§ **Material supplied**:
┏━━
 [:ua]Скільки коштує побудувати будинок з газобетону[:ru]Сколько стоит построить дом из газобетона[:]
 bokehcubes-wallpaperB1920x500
┗━━
┏━━
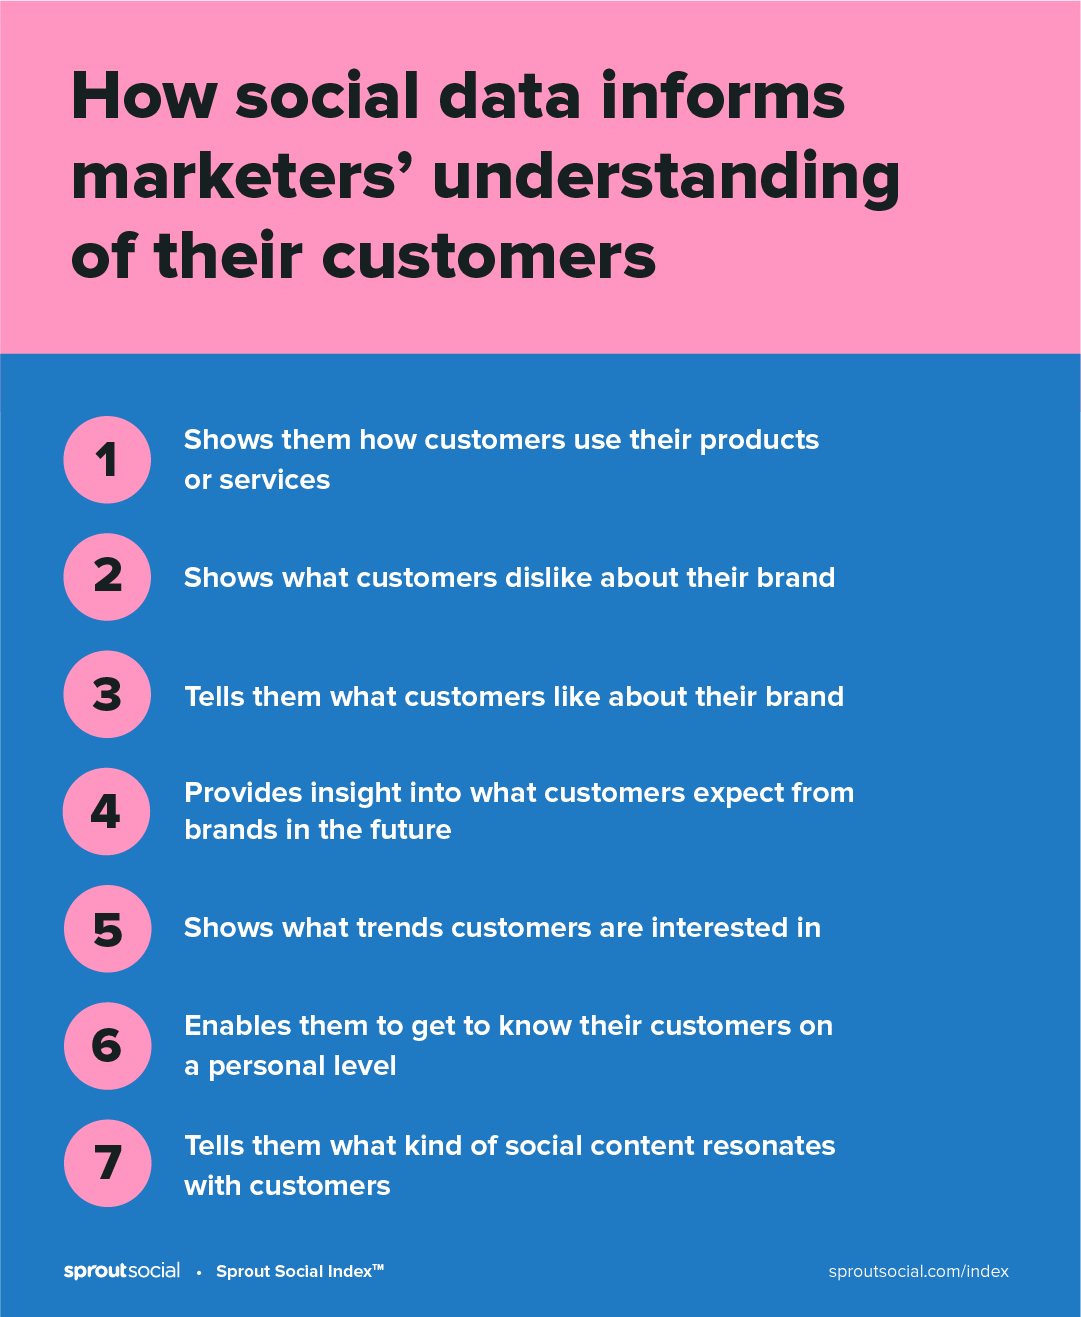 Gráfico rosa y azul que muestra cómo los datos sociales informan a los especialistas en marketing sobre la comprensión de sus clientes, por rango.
┗━━
┏━━
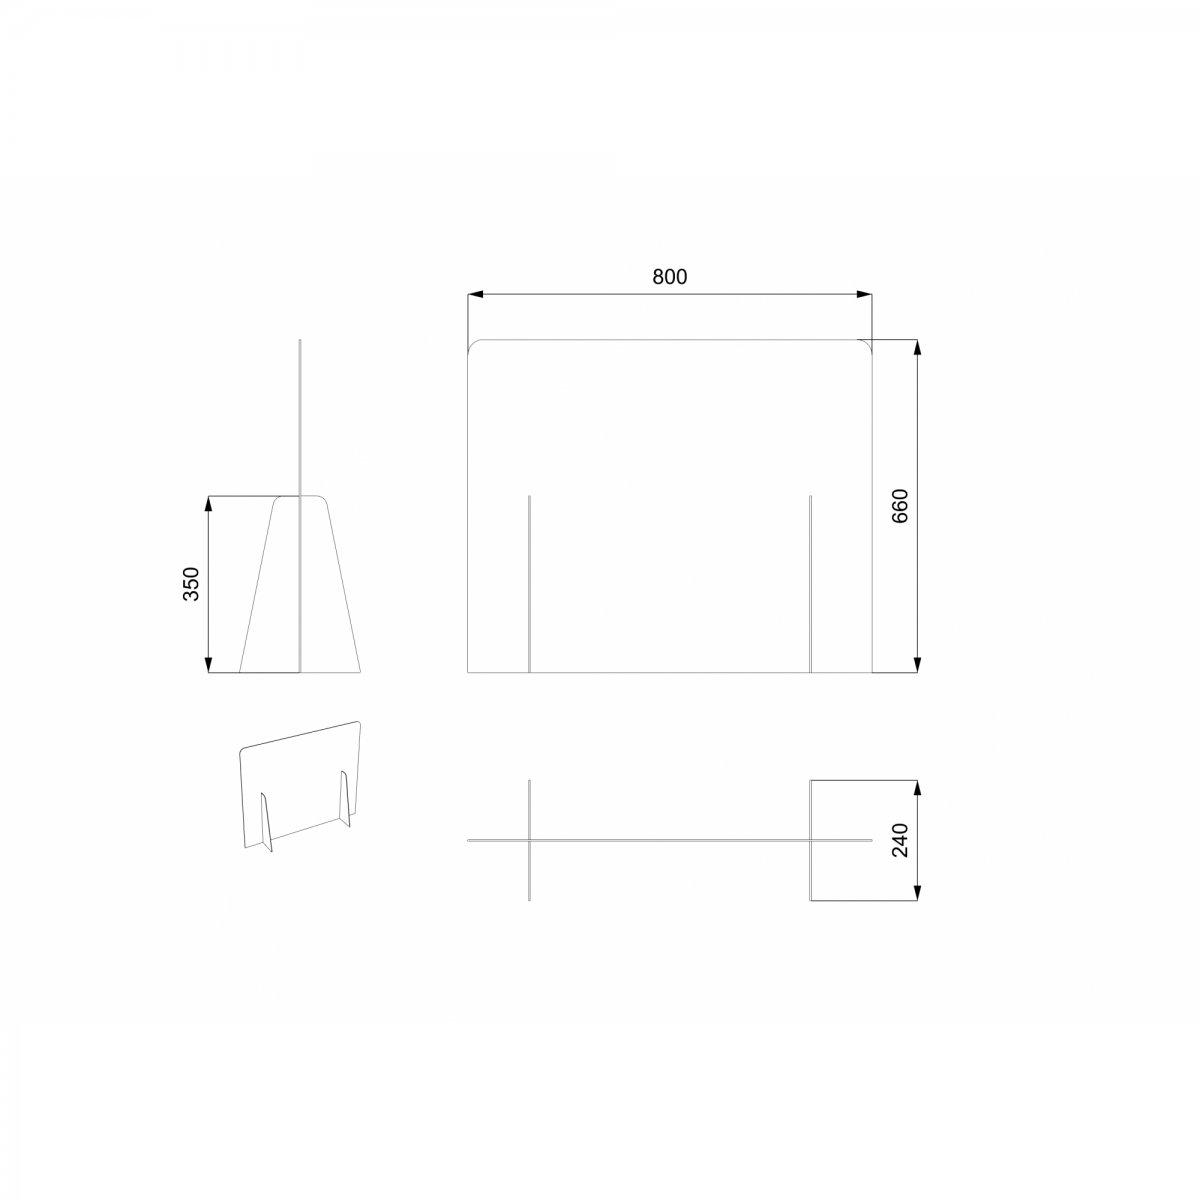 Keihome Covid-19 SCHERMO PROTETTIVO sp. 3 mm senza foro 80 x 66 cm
┗━━
Everything from the line with "[:ua]Скільки коштує побудувати" through the line with "bokehcubes-wallpaperB1920x500" should be written out exactly as it appears above, end lines included, and nothing outside that range.

§ **Finished task**:
 [:ua]Скільки коштує побудувати будинок з газобетону[:ru]Сколько стоит построить дом из газобетона[:]
 bokehcubes-wallpaperB1920x500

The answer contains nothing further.